Please provide the following information:

  • confluent-kafka-go and librdkafka version (LibraryVersion()): librdkafka1 version librdka0.11.6~1confluent5.0.1-
  • Apache Kafka broker version: Kafka 2.0.0. Confluent Platform 5.0.0.
  • Client configuration: &kafka.ConfigMap{ "bootstrap.servers": strings.Join(bootstrapServers,","), })
  • Operating system: Ubuntu 16.04.5
  • Provide client logs (with "debug": ".." as necessary): None.
  • Provide broker log excerpts
  • Critical issue
@edenhill
Copy link
Contributor

Interesting. And this is regardless of any error events in the cluster, such as a broker going down or partition leader becoming unavailable?

@kurtostfeld
Copy link
Author

If there is an issue within the Kafka cluster, it only affects a single client server at a time, and is remedied by a manual restart.

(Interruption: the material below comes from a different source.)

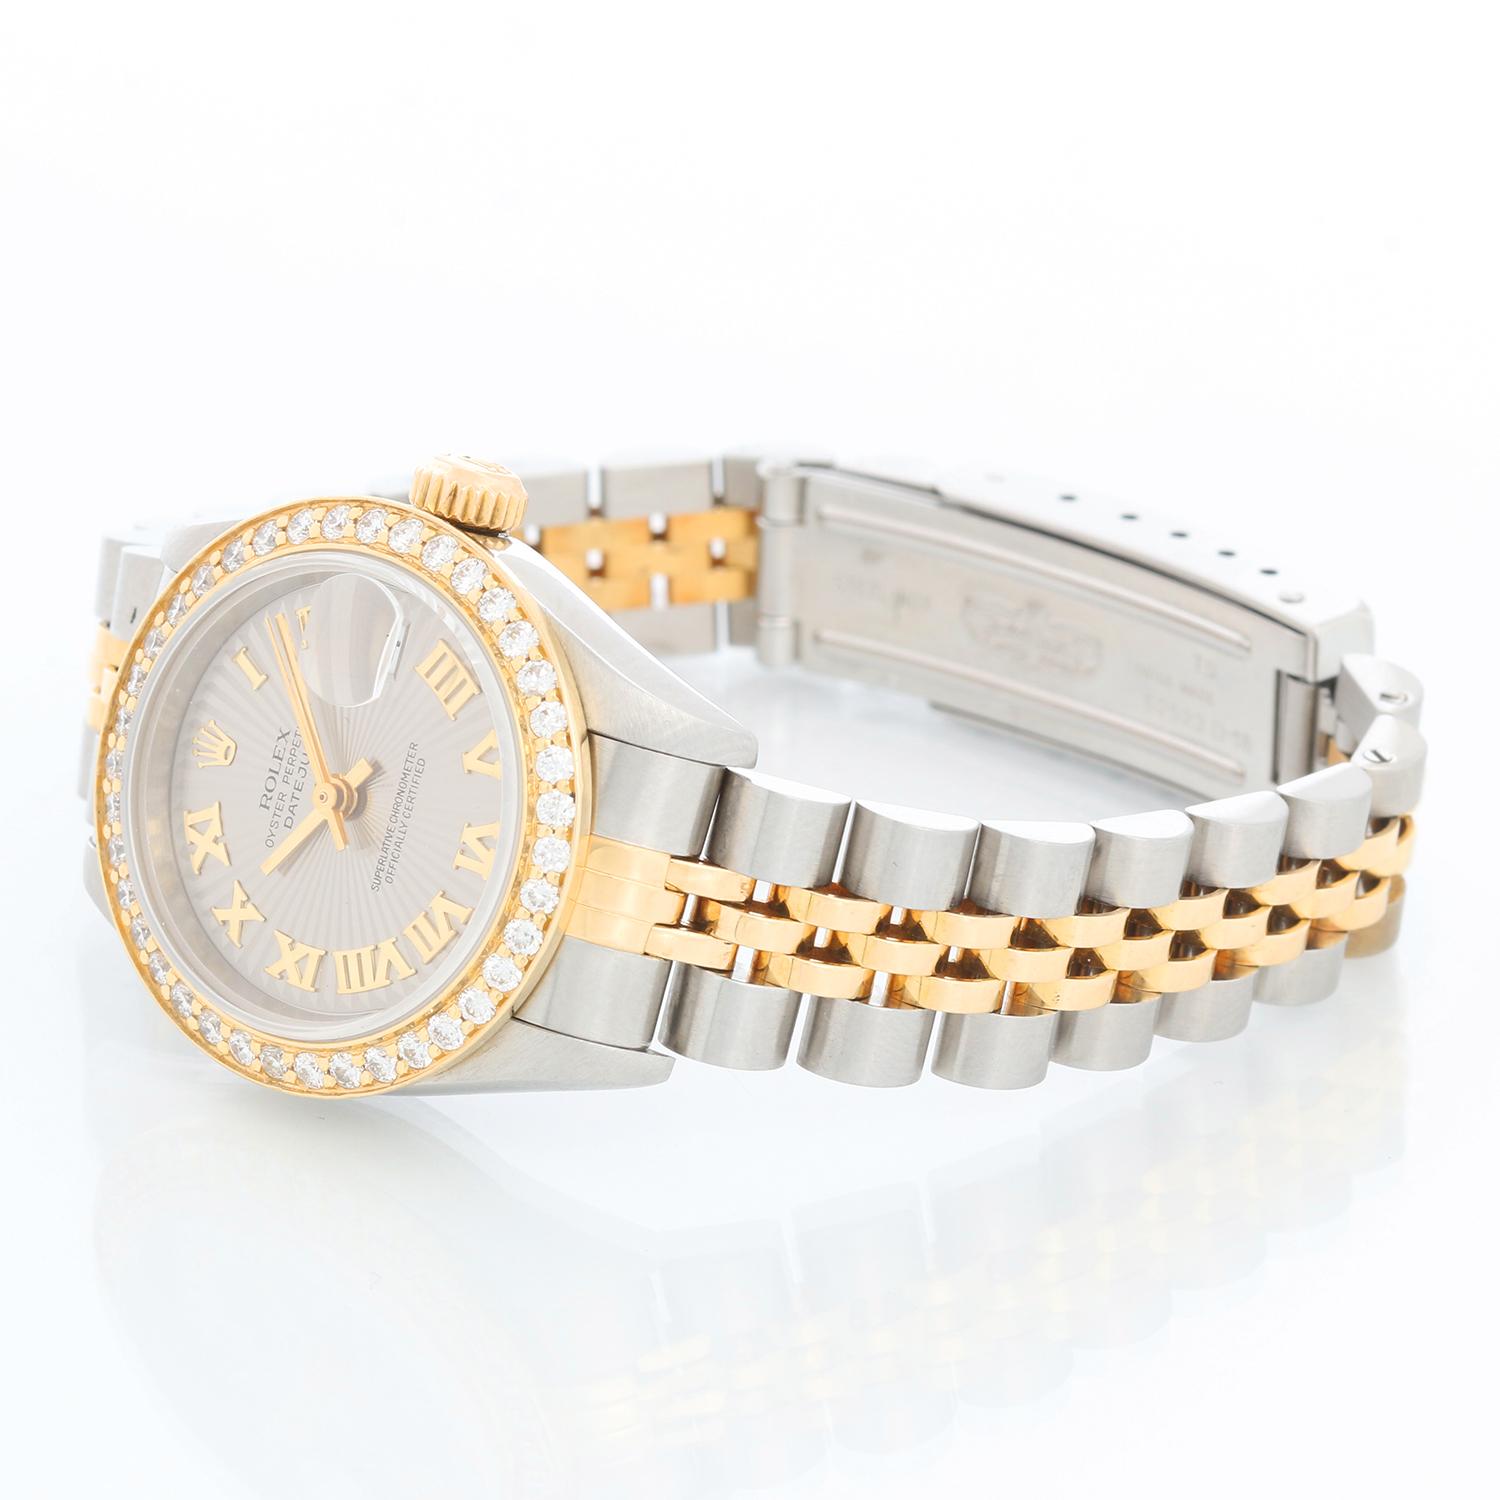 Rolex  Datejust 2-tone Steel & Gold Ladies Watch 79173 - Automatic winding, 29 jewels, Quickset date, sapphire crystal. Stainless steel case with custom diamond bezel  (26mm diameter). Gray Slate dial with Roman numerals . Stainless steel and 18k
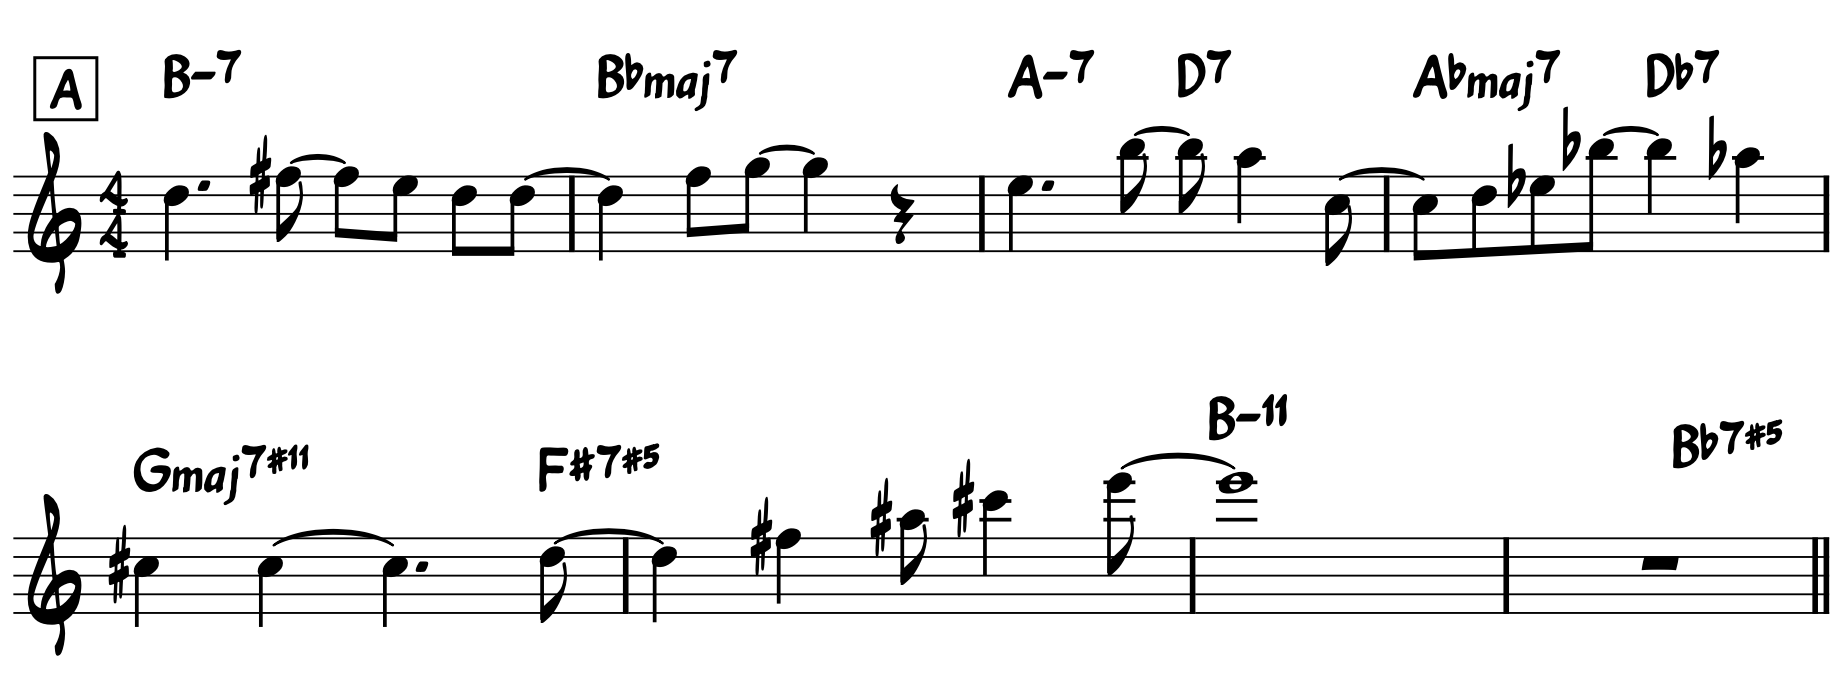 Lead Sheet Jazz tutorial: Well formatted lead sheet where chord symbols are large enough.

There are multiple server instances running the exact same code sending messages to the same Kafka cluster. One will hit this issue and require a manual restart to resume sending to the Kafka cluster, while the others will not experience any hiccups and run completely smoothly.

@trtg
Copy link

trtg commented Dec 5, 2018

@kurtostfeld have you had any luck debugging this issue?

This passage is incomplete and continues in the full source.